In the AS MAGs, multimodular BGCs, that is NRPS, type I PKS and transAT-PKS BGCs appeared to be mostly very short, having a median of just two modules despite being uninterrupted by contig breaks (see Fig. S1 in the supplemental material). This was observed in all phyla and contrasts with the structure of the better-known multimodular BGCs, which commonly have several modules, sometimes containing up to 35 (36). However, single-module NRPS have been identified in genomic databases, with some suggested to be used for processing and transferring amino acids (37, 38). Additionally, the bacterium Photorhabdus luminescens produces indigoidine, a blue pigment, using a single-module NRPS, IndC (39). Out of the 2,523 PKS modules detected, antiSMASH classified 787 of them (31.2%) as iterative modules. These can synthesize polyketides in a noncanonical iterative manner (40). Out of the 670 BGCs with only one PKS module, only 22.2% (149) consisted of an iterative PKS module. These findings could indicate that PKs and NRPs in AS are commonly dimers, one monomer incorporated into other molecules, produce simple compounds, or are involved in amino acid processing. Additionally, research into SMs, and therefore databases such as MIBiG (41), has been focused on certain culturable taxa with large multimodular NRPS and PKS, so fewer modules may be common in uncultured bacteria.

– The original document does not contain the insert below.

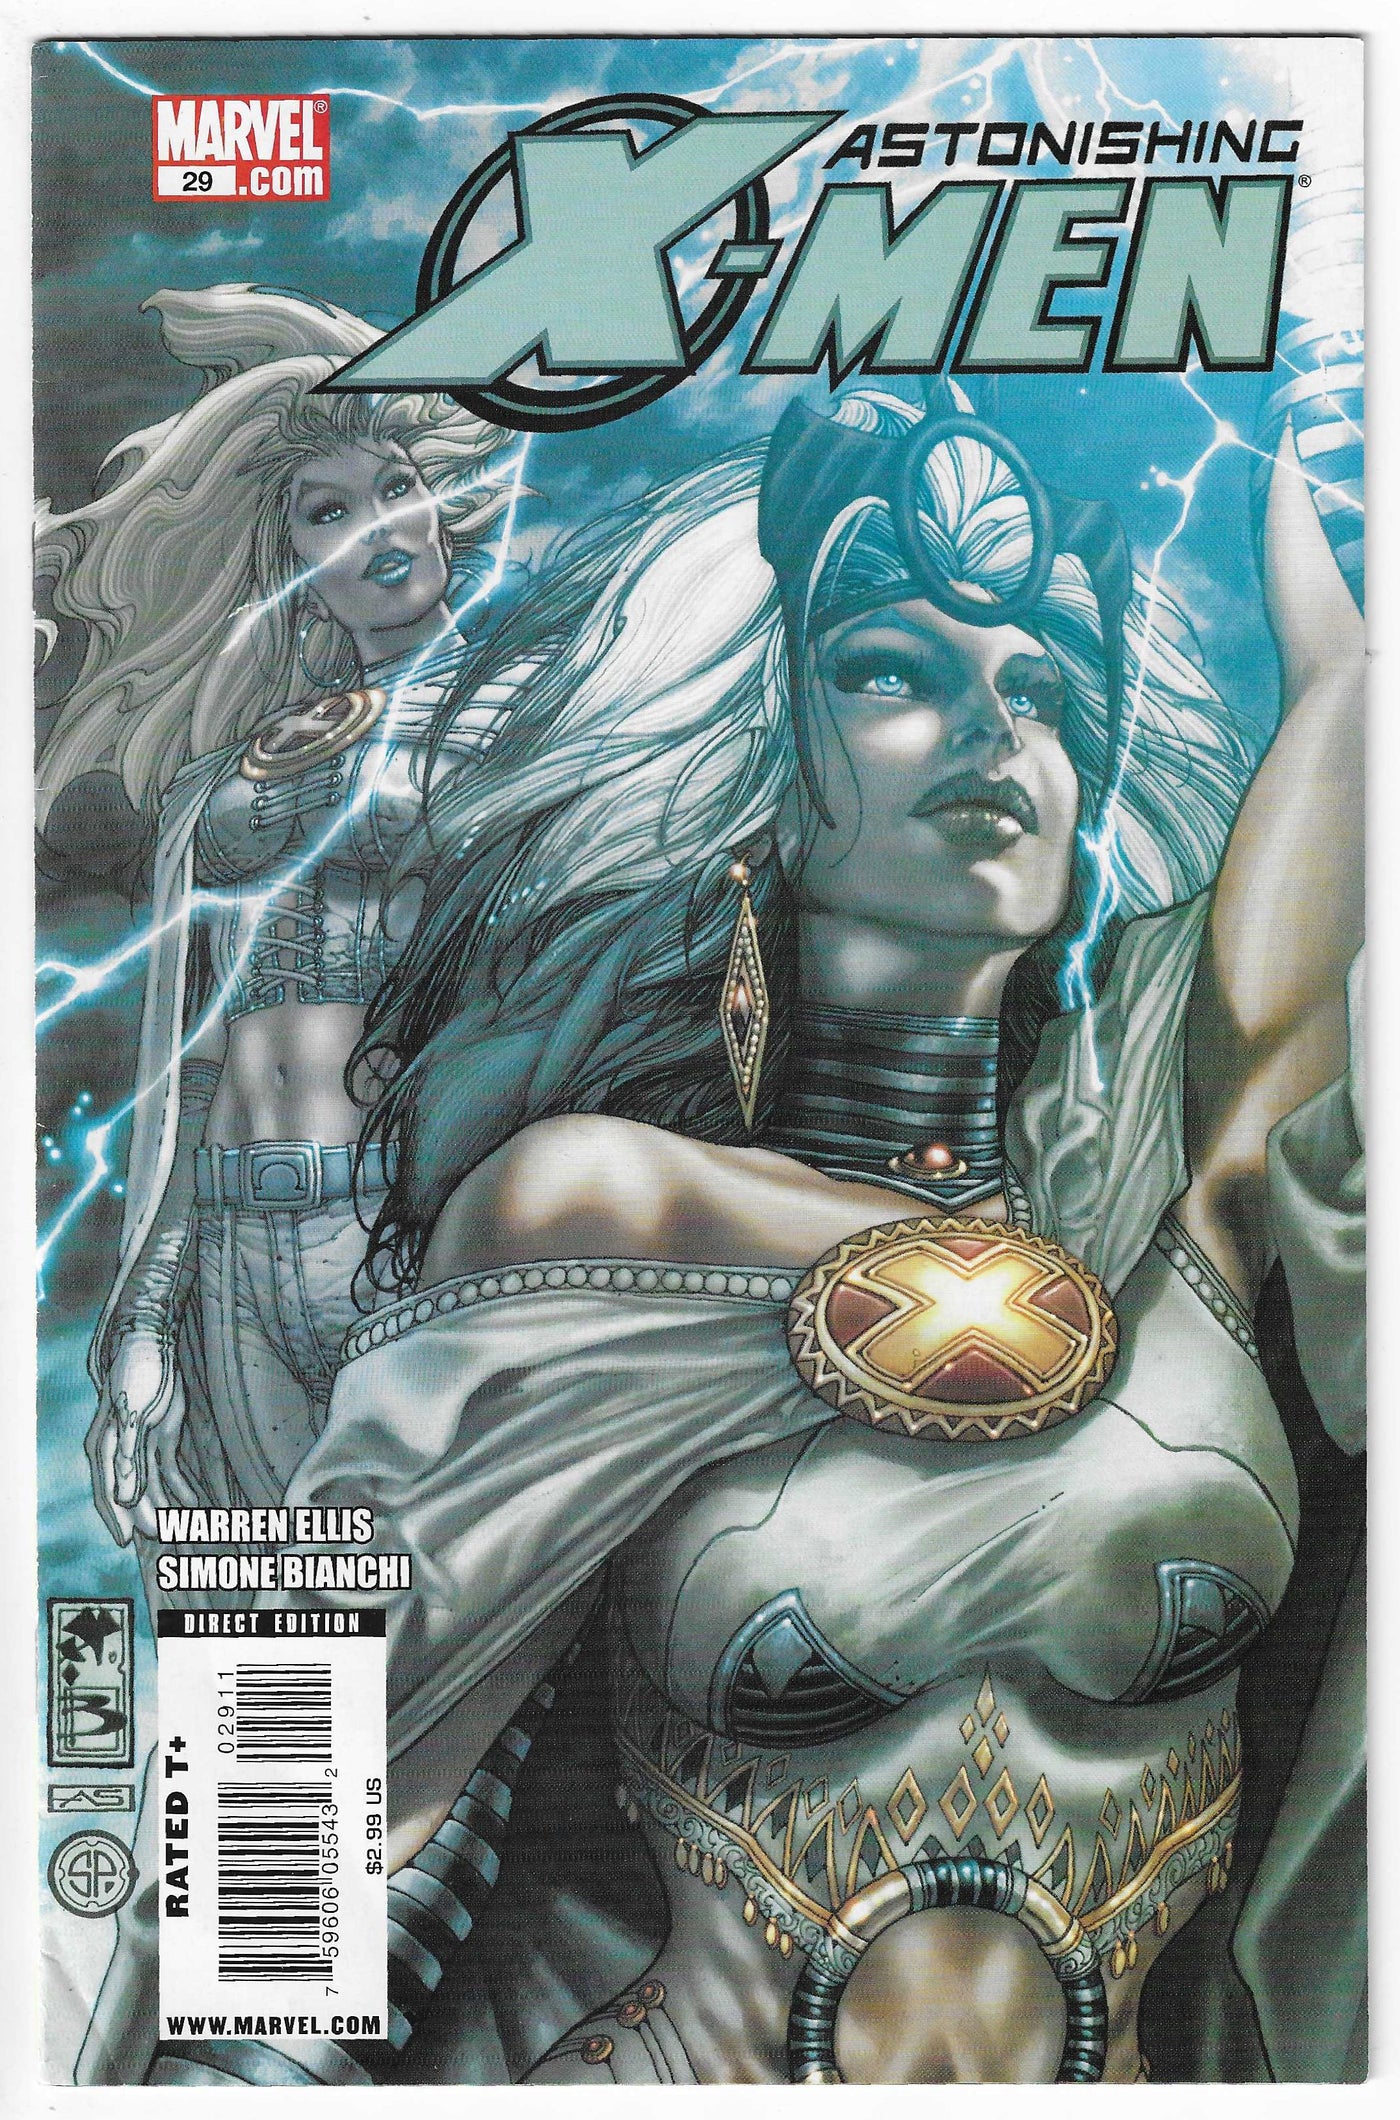 Astonishing X-Men (Volume 3) #29

Number of complete NRPS/PKS modules in multimodular BGCs, i.e., NRPS, type 1 PKS, and transAT-PKS. The bars in the box plots represent the median, the box encompasses the IQR, and outliers (beyond 1.5 times the IQR) are represented as dots. The numbers within brackets indicate the total number of multimodular BGCs detected in the phylum. Download FIG S1, SVG file, 0.01 MB (13.8KB, svg) .
Copyright © 2022 Sánchez-Navarro et al.
This content is distributed under the terms of the Creative Commons Attribution 4.0 International license.
Diverse biosynthetic potential in HQ MAGs from AS.
The biosynthetic potential of the 4,238 BGCs in AS was diverse, with 48 BGC types detected out of the 71 known types recognized by antiSMASH (see SData 2 at https://figshare.com/articles/dataset/SData2/21295314). The most commonly predicted products were terpenes (1,137), RiPP-like SMs (624), and aryl polyenes (399) (Fig. 1). Although PKS, NRPS, and PKS-NRPS hybrid BGCs represent most of the characterized BGCs in the MIBiG reference database, they were not commonly detected in the MAGs from AS, with only 384 PKS (9.1%) and 381 NRPS (9.0%) and 175 PKS-NRPS hybrid BGCs (4.1%) predicted.
FIG 1.
Overview of the number of BGCs detected in the HQ MAG data set. (A) Total number of BGCs found, divided into classes according to BiG-SCAPE. Data are present in SData 2 (https://figshare.com/articles/dataset/SData2/21295314) (B) Number of BGCs detected per MAG, by phylum. The numbers in the brackets represent the number of HQ MAGs. Bars represent the median, boxes encompass the interquartile range (IQR), whiskers extend to values in a range of 1.5 times the IQR, and dots are data points outside this range.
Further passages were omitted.